Basically, people are scared. Before we see any movement in the economy, we have to convince the people with the money that the things that they're investing in are not con games. Even more difficult, we have to convince them that things are going to be stable for long enough for them to make a reasonable return on their investments.

And right now, that is precisely what we are not getting. The SEC is even more toothless. Arthur Anderson is gone, but there is no assurance that other accounting firms aren't doing the same thing. CEOs and directors are still getting mindboggling salaries and bonuses. Explain to me why the CEO or the directors of a company that isn't making money, or that is actually shrinking, should get any bonus at all. And, of course, there's the "elephant in the living room", that causes a great deal of trouble but that no one will talk about: the war. We are sinking a serious hunk of cash in the Iraqi desert. It's gotta come from somewhere. And check out how much of it is going to Halliburton or its subsidiaries.

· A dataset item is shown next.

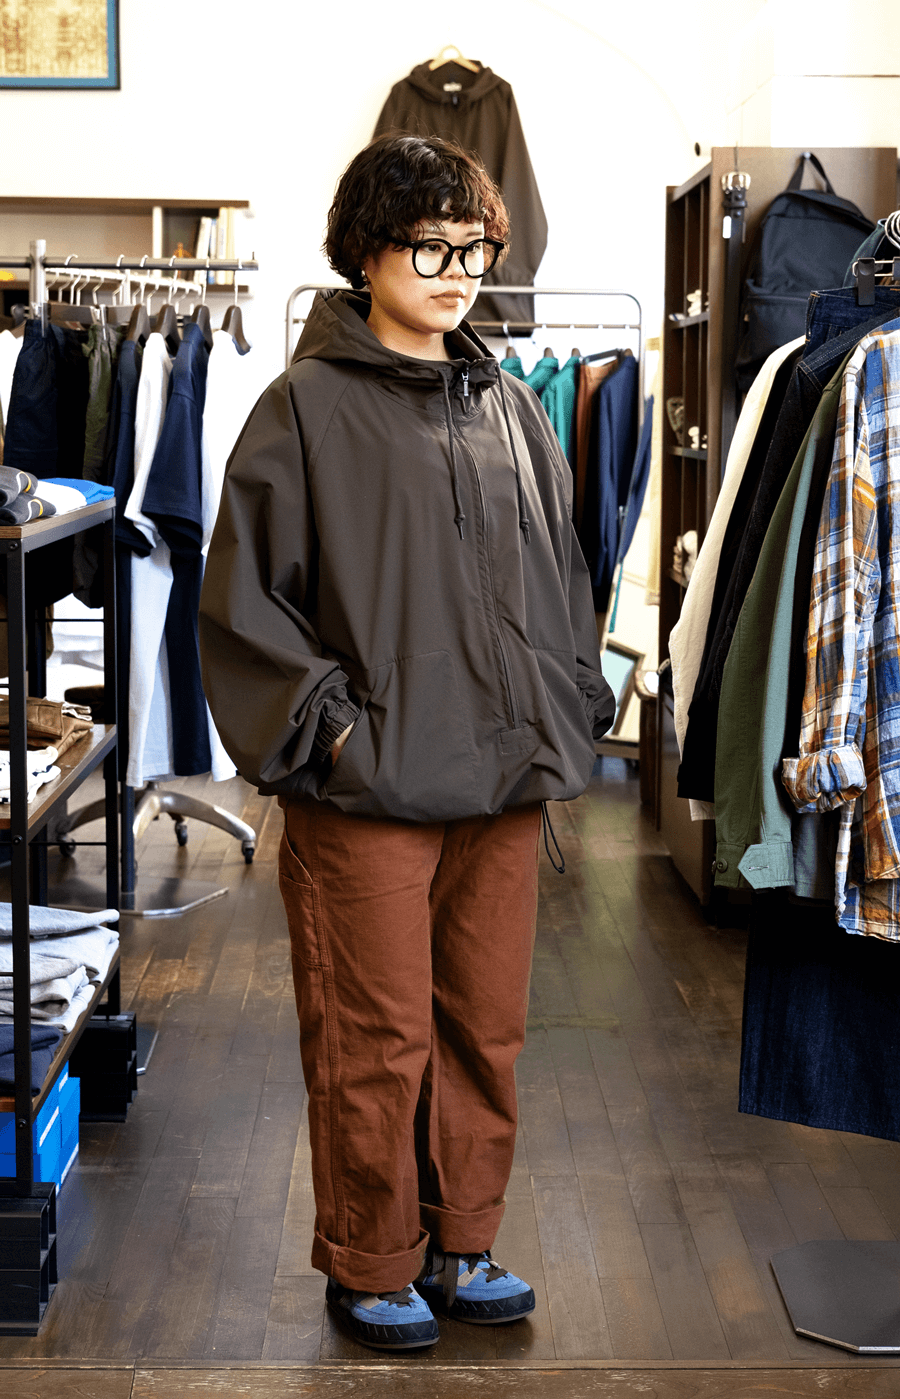 ts(s) “SOLOTEX” Polyester 2 Way Stertch Cloth Long Zip Pullover Parka

So Who Benefits from the Cuts?

I normally try to hedge my statements. There's very little absolute in this world. Remember up at the start, I said that "the vast majority of folks don't mind paying 'their fair share'"? Well, turns out that the people who don't want to pay their fair share are the ones getting the cuts. Of course, there's always room for debate on what "fair share" means. Practically everybody thinks that a graduated income tax is about as fair as you can get. Just about everybody has to pay something, but those who have more money pay more. We can argue about details essentially forever, but almost everybody agrees on the basic point. Those who disagree tend to be members of fringe groups, or rich. The fringe groups write blogs, the rich give big contributions to political groups. Guess who gets listened to?

The old fashioned term for the Bush tax cuts is "looting the treasury".